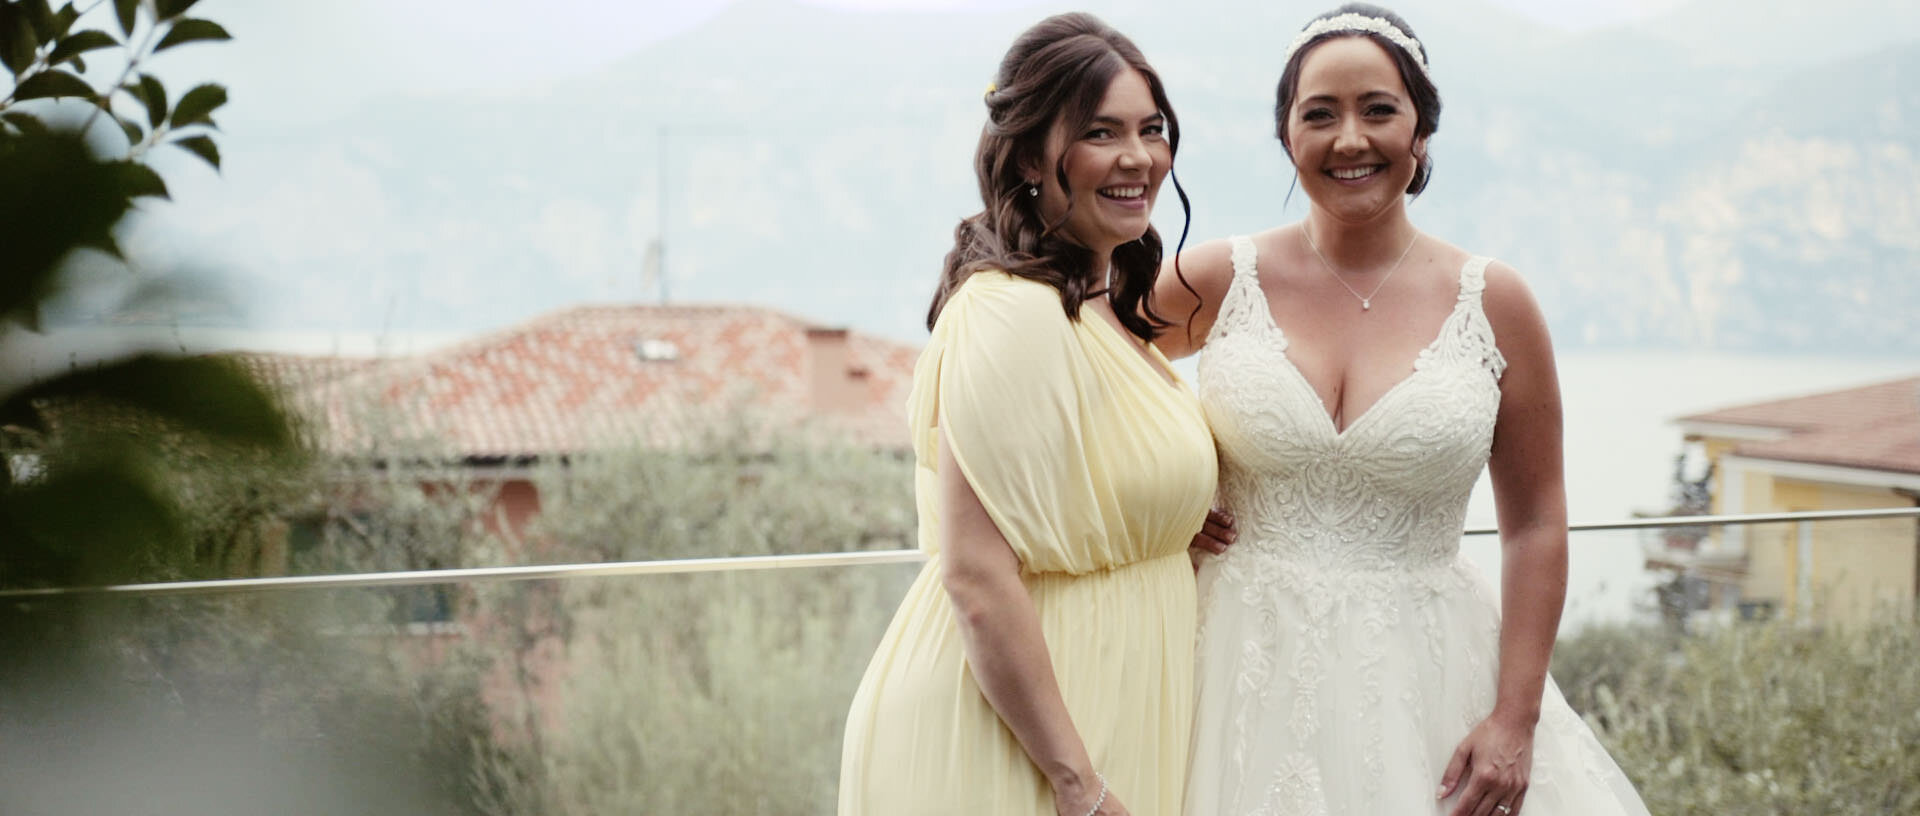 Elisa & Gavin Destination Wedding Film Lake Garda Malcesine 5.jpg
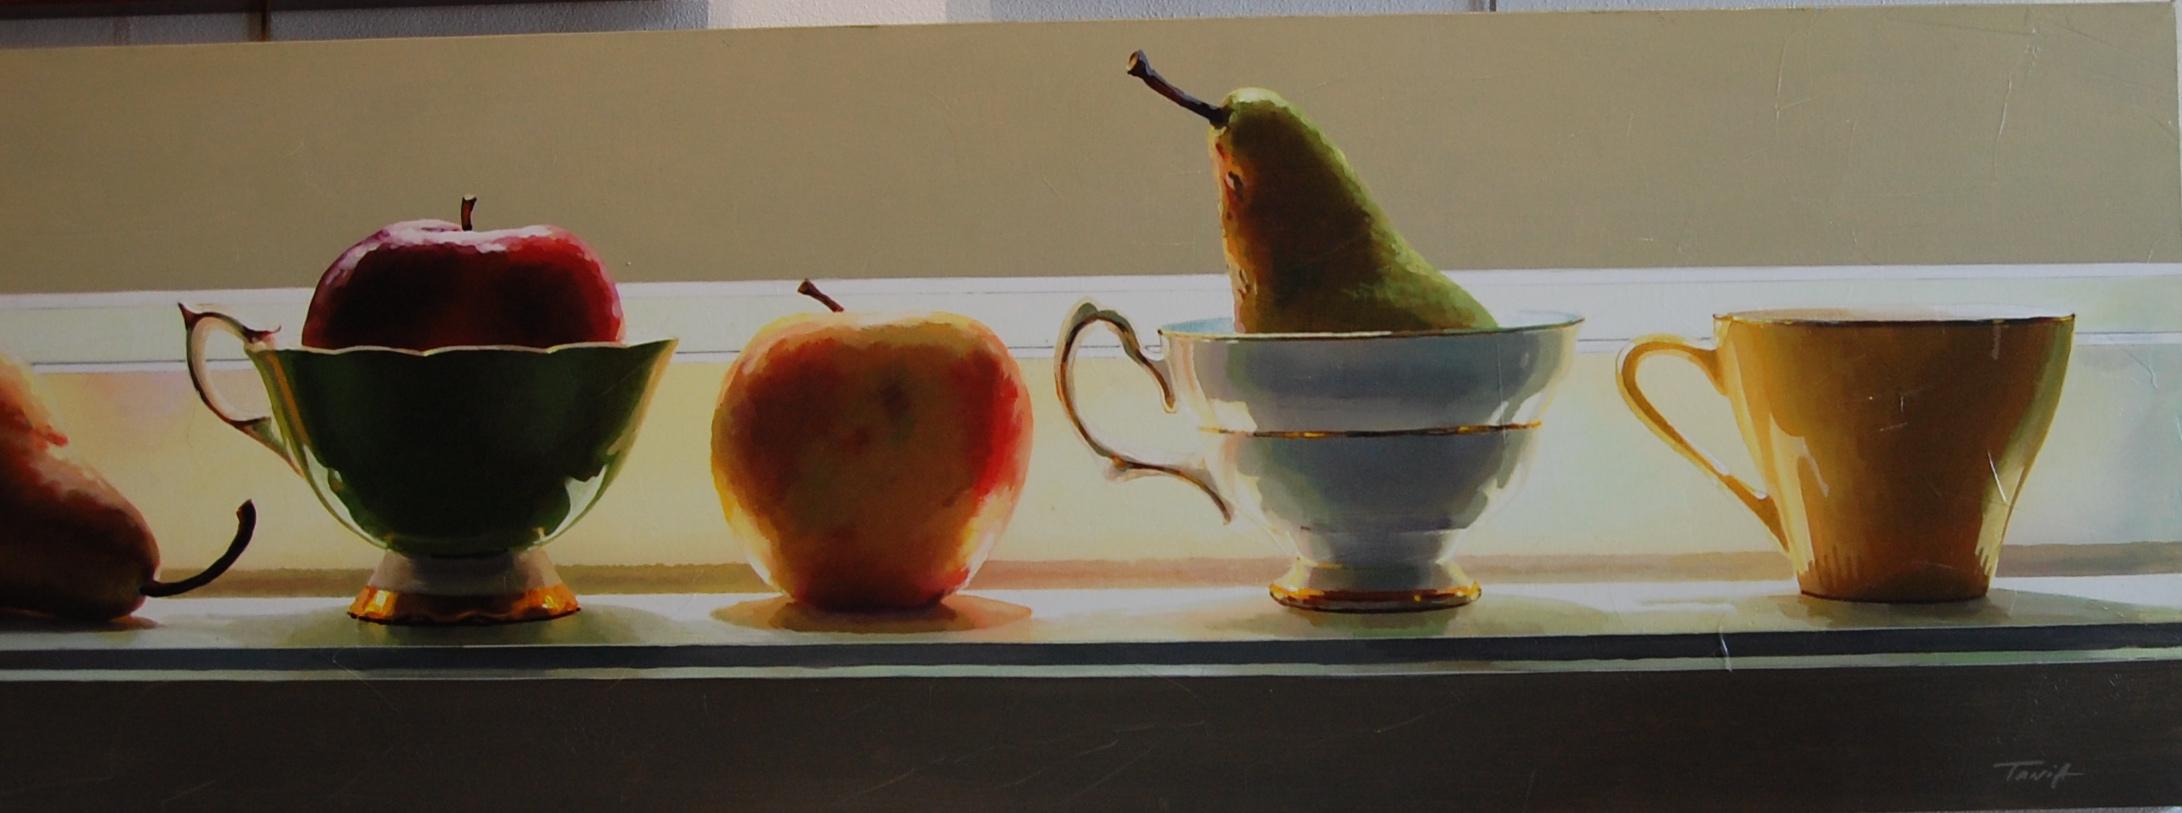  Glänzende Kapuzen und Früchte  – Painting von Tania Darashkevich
---
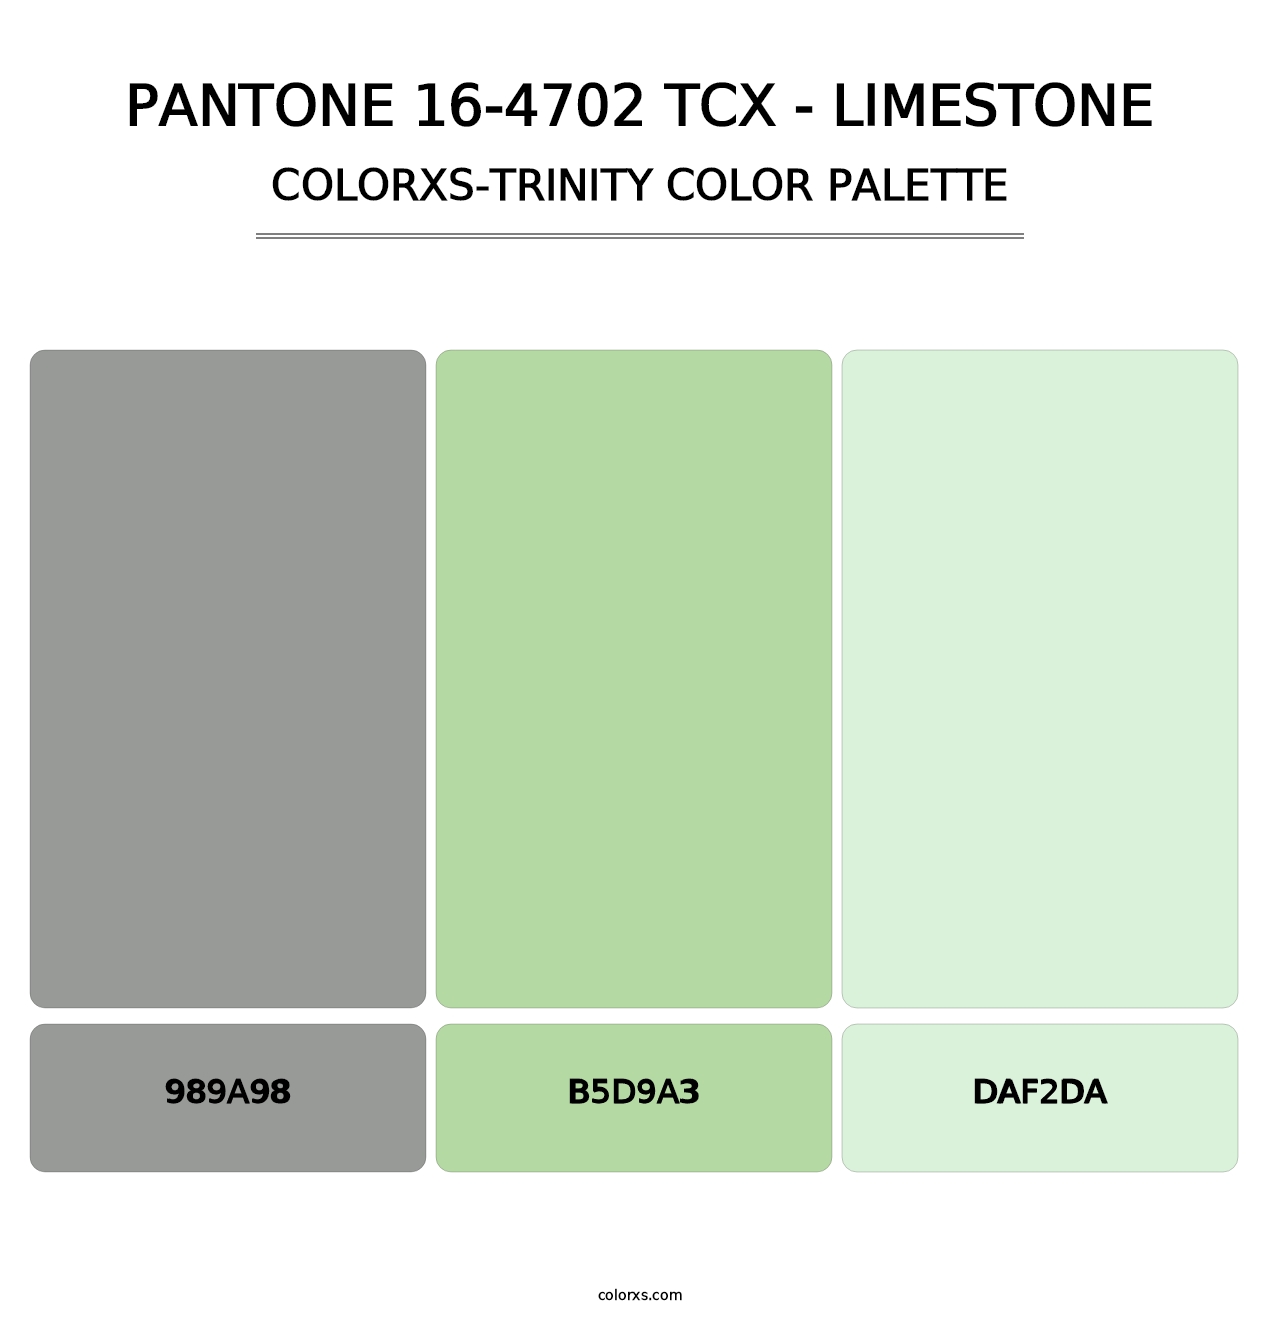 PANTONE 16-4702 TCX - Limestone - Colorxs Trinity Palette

What to do:
Reproduce the data above exactly, but only the lines from the one showing "Elisa & Gavin" through the one showing "Glänzende Kapuzen und", with both ends kept and the pictures left out.

Answer to the exercise:
 Elisa & Gavin Destination Wedding Film Lake Garda Malcesine 5.jpg
  Glänzende Kapuzen und Früchte  – Painting von Tania Darashkevich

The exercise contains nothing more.